In order to win on appeal, they'll have to prove that the service of process was defective in some way.  It wasn't.  They were served, and the simply chose to ignore the suit.  "I forgot about it" won't fly, and nor should it.

Here's another approach.  "We hire some really stupid employees and have lax oversight, so therefore we shouldn't have to follow the same laws that everyone else does."  No, you'd better go back to the drawing board.

If I was the judge I'd probably look for abuse of process by the plaintiff's if Pepsi went down that road.  For example if these guys filed hundreds of nuissance suits and they were without merit, I might call it some type of abuse of process and rule against them in order to prevent the junk lawsuit lotto where you file massive numbers of suits with no merit whatsoever and hope that someone eventually fails to respond.  But I don't think that's the case at all here.  It was a typical suit with some possible sliver of merit and it deserved to be treated with reasonable respect in the courts.

You have to keep in mind that cases set precedents.  What rule would you make up that would excuse a large corporate defendent from showing up in court to meet a presumably valid claim?  The default judgment is one of the fundamentals of the civil court system.  If someone serves you, either you show up and defend yourself or you're screwed.  It isn't like criminal court where they bring you in the door in leg irons and an orange jumpsuit.

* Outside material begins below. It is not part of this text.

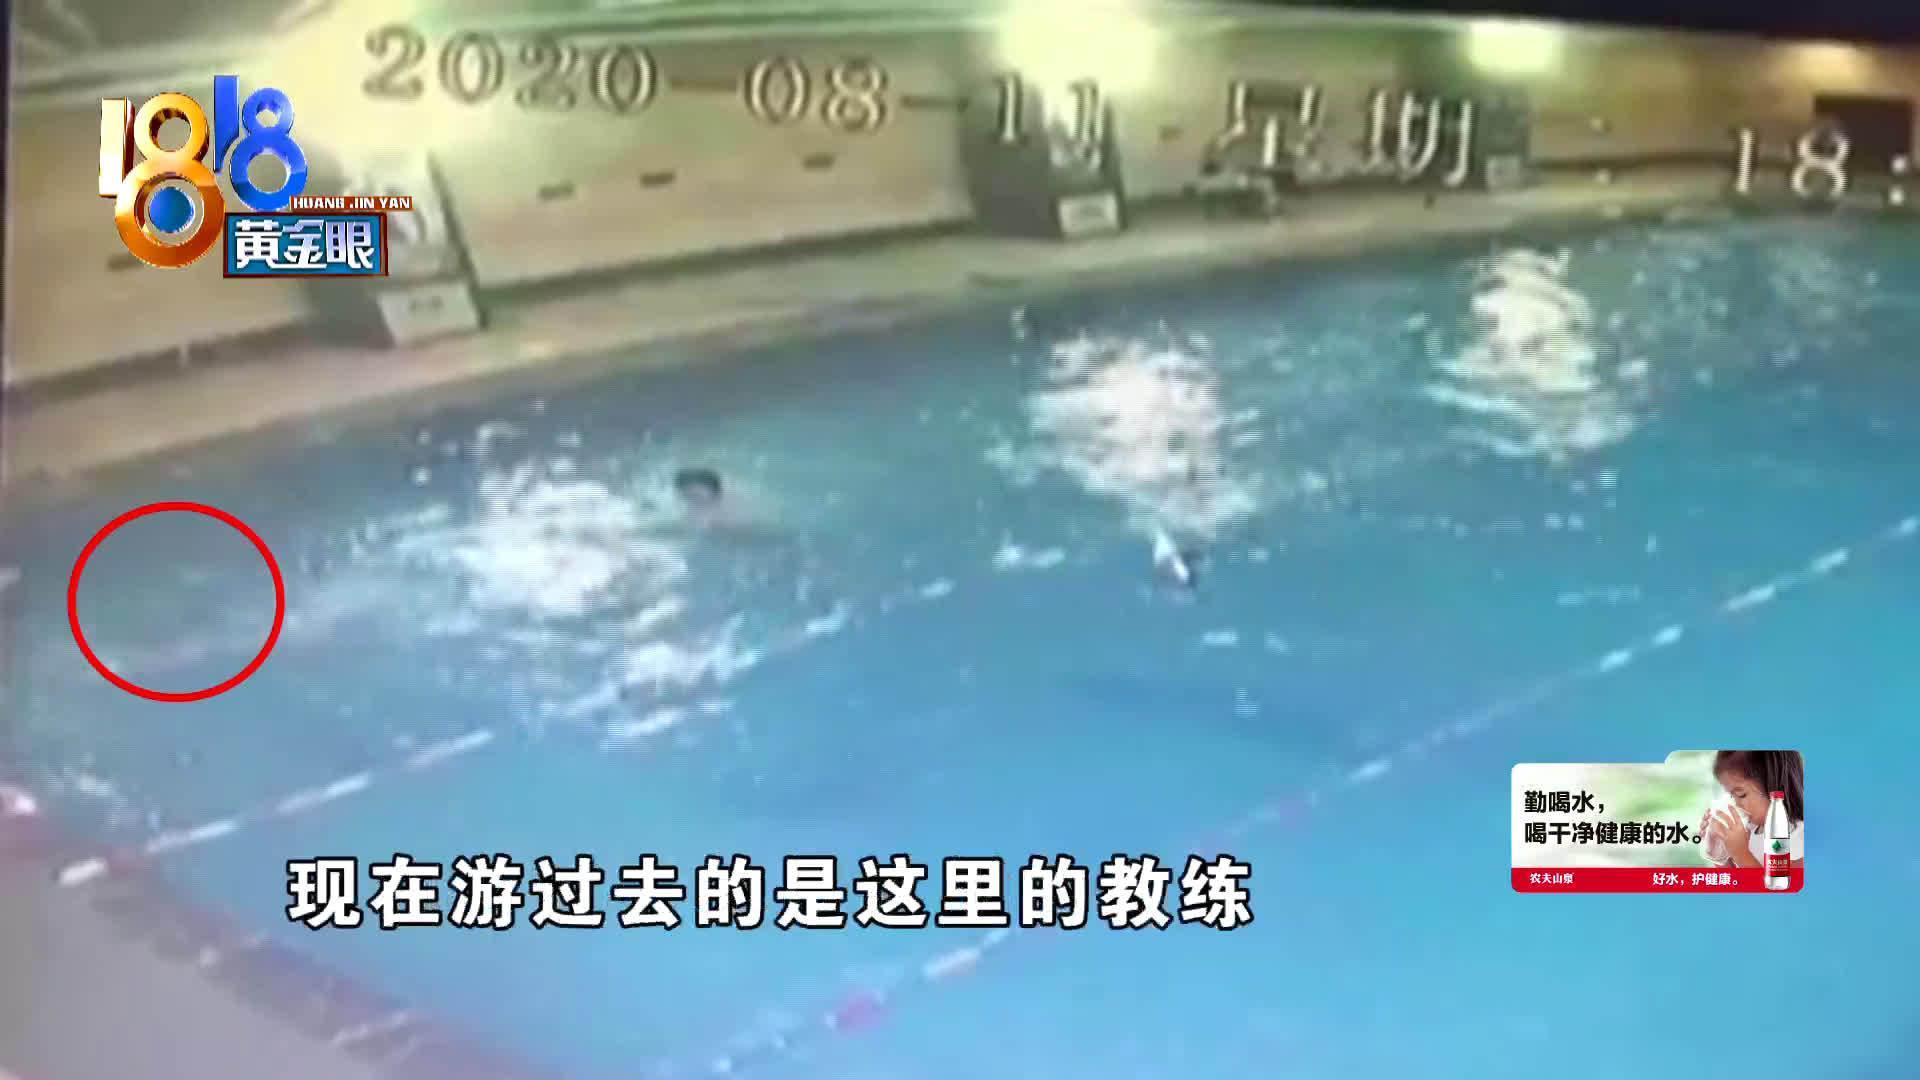 昨晚一男孩健身房溺水 今天事发监控被曝光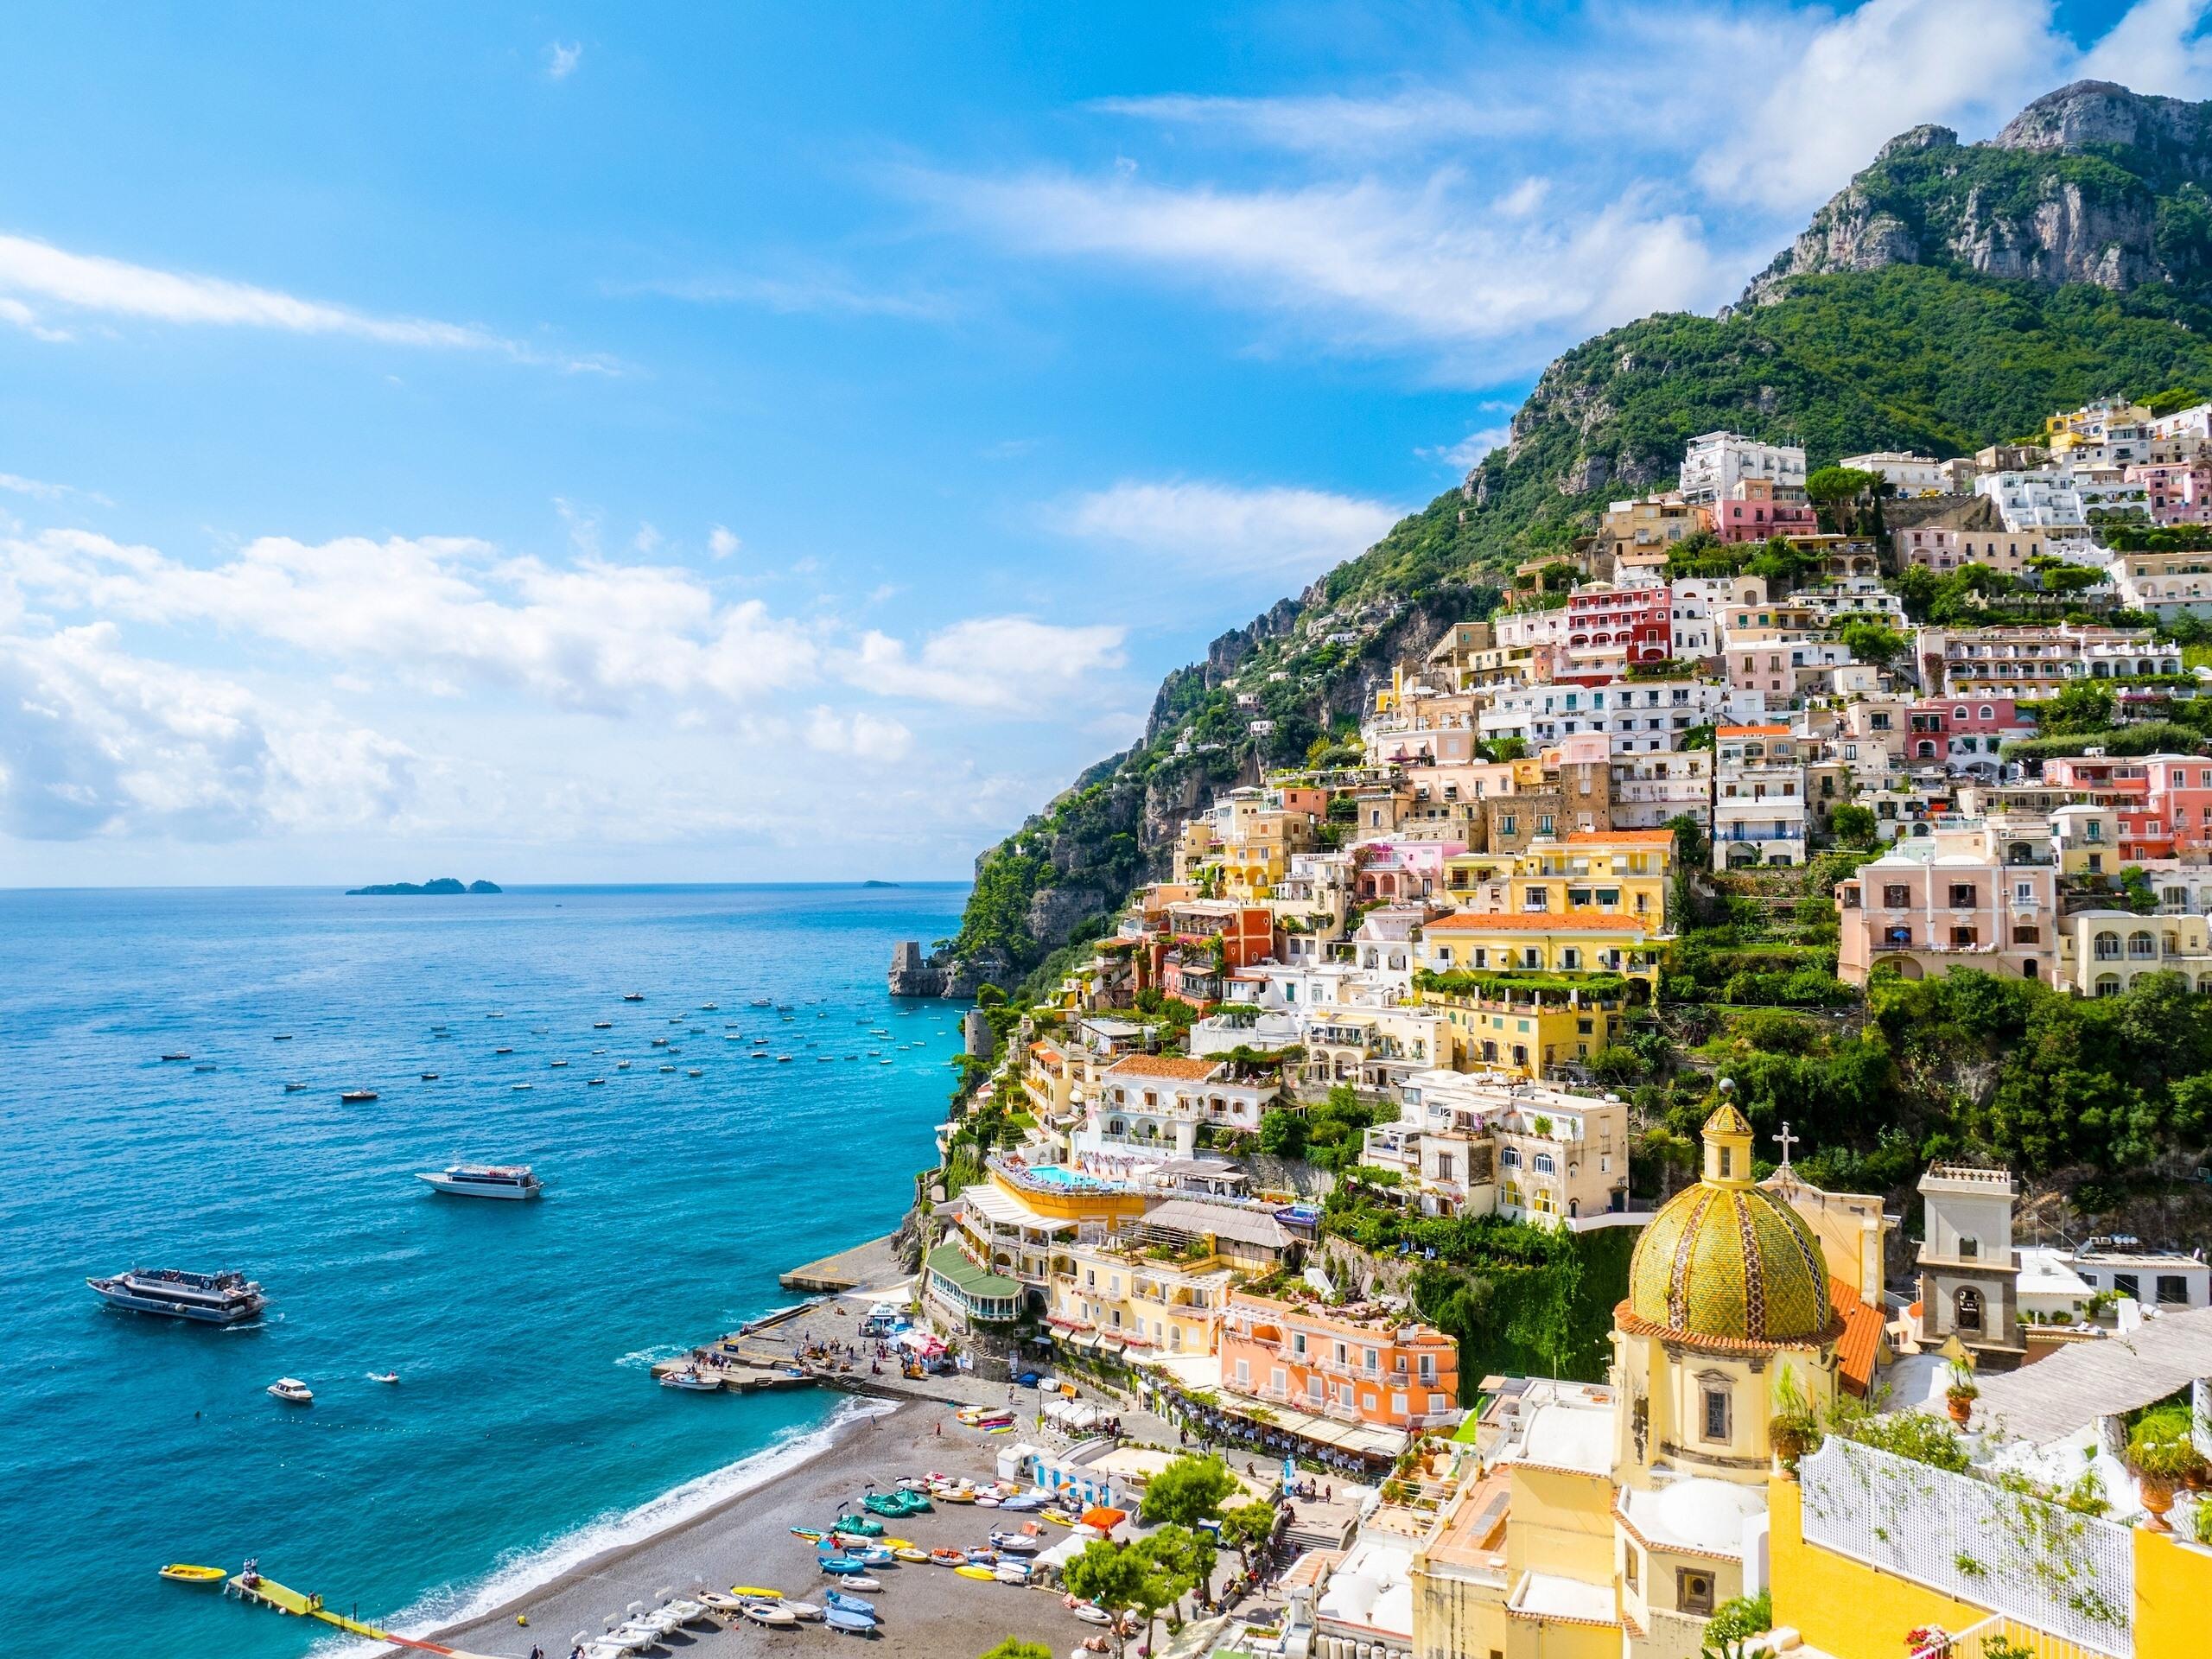 италия картинки море там

I think it's gonna be hard to get around this default judgment thing. There was just a huge case of gross incompetence in the service of process office.  It's simply poor internal controls on the part of Pepsi.

Defending this one may be a public relations disaster.  You have a David vs. Goliath where Goliath is claiming that he deserves a rematch because he just messed up and David couldn't win again in a million years.